Переехав в Варшаву, Лец регулярно публикуется в “Варшавском цирюльнике”, становится постоянным автором “Шпилек”, его произведения помещают на своих страницах многие литературные журналы во главе со “Скамандром”. В 1936 г. он организовал литературное кабаре “Teatr Kretaczy” (Театр Пересмешников). “Наш маленький театрик, - вспоминал Лец, - дал всего 8 представлений. Тогдашние власти выдумывали самые невообразимые предлоги, чтобы его закрывать. Откопали, например, предписание, запрещающее нам пользоваться “настоящей сценой”, в связи с чем мы собственными руками и топорами развалили всю конструкцию сцены, оставив только подиум. Не скажу, чтобы хозяин этого зала был восхищен нашими преобразованиями. Наконец, пришлось закрыться. Почему? Потому что в глазах властей мы неизменно представляли какую-то опасность. Литературное руководство театром я осуществлял совместно с Леоном Пастернаком, мы писали также тексты песен, эстрадные монологи, скетчи, комментирующие актуальные события. Актерами были студенты и безработные рабочие”.

В этот период он начинает сотрудничать с варшавской газетой “Dziennik Popularny” (Популярный (с. 158:) Ежедневник) - политическим изданием, пропагандировавшим идею создания антифашистского народного фронта, в котором публиковалась его ежедневная судебная хроника, вызывавшая особое раздражение “блюстителей порядка”. После приостановки властями издания газеты, чтобы избежать грозившего ему ареста, Лец выехал в Румынию. Спустя некоторое время он возвращается на родину, крестьянствует в деревне на Подолье, служит в адвокатской конторе в Чорткове, затем, вернувшись в Варшаву, продолжает литературную и публицистическую деятельность.

Перед самой войной он завершает подготовку к печати обширного тома фрашек и подольской лирики под названием “Ziemia pachnie” (Пахнет землей), но выйти в свет книга уже не успела.

Начало войны застало Леца в его родном городе.
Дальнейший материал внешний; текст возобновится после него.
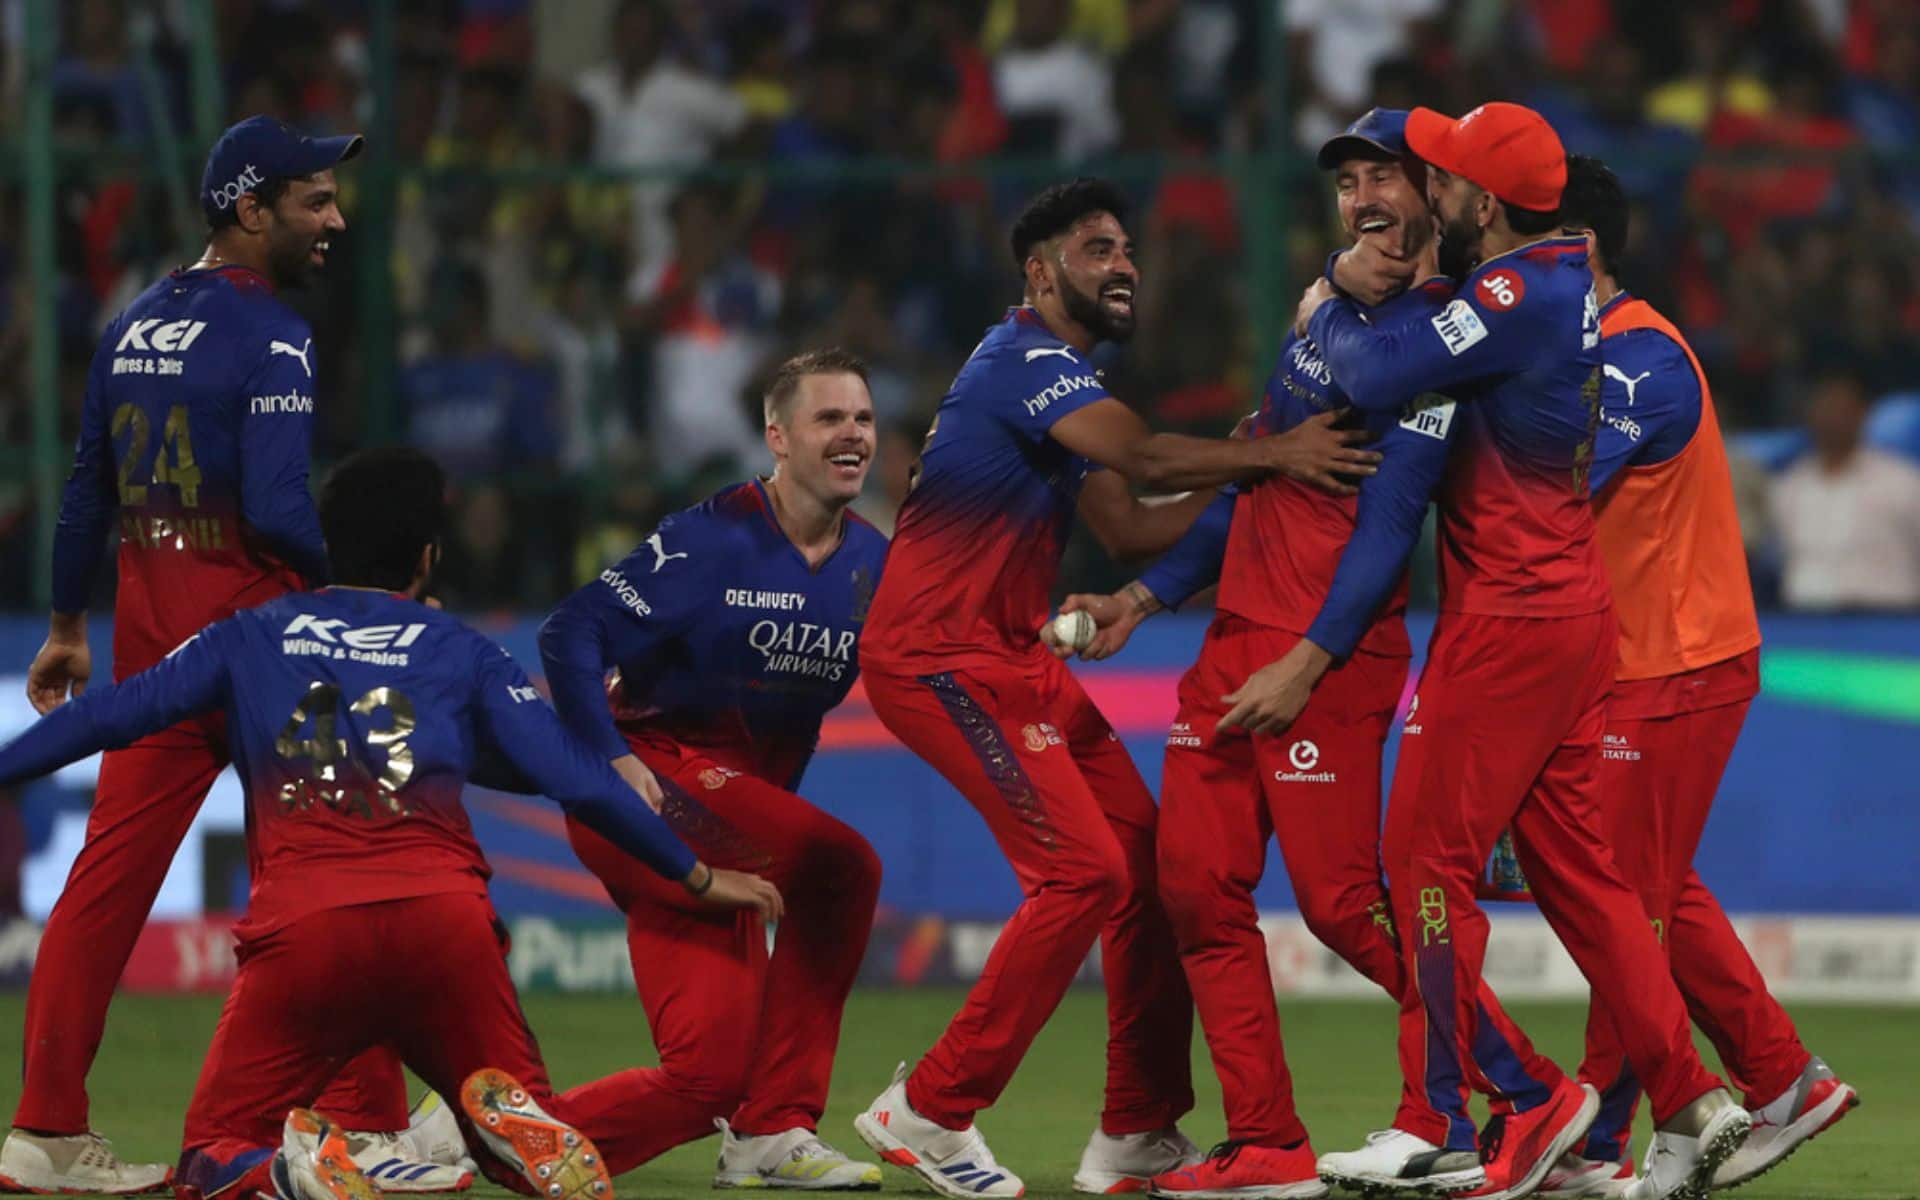 'KohliFies To Playoffs' Twitter Reacts To RCB's Remarkable Comeback

Об этом страшном (и героическом) этапе своей жизни он рассказал позднее в нескольких скупых строчках автобиографии: “Пору оккупации я прожил во всех тех формах, какие допускало то время. 1939- 1941 гг. я провел во Львове, 1941-1943 гг. - в концлагере под Тернополем. В 1943 году, в июле, с места предстоявшего мне расстрела я сбежал в Варшаву, где работал в конспирации редактором военных газет Гвардии Людовой и Армии Людовой на левом и правом берегах Вислы. Потом ушел к партизанам, сражавшимся в Люблинском воеводстве, после чего воевал в рядах регулярной армии”.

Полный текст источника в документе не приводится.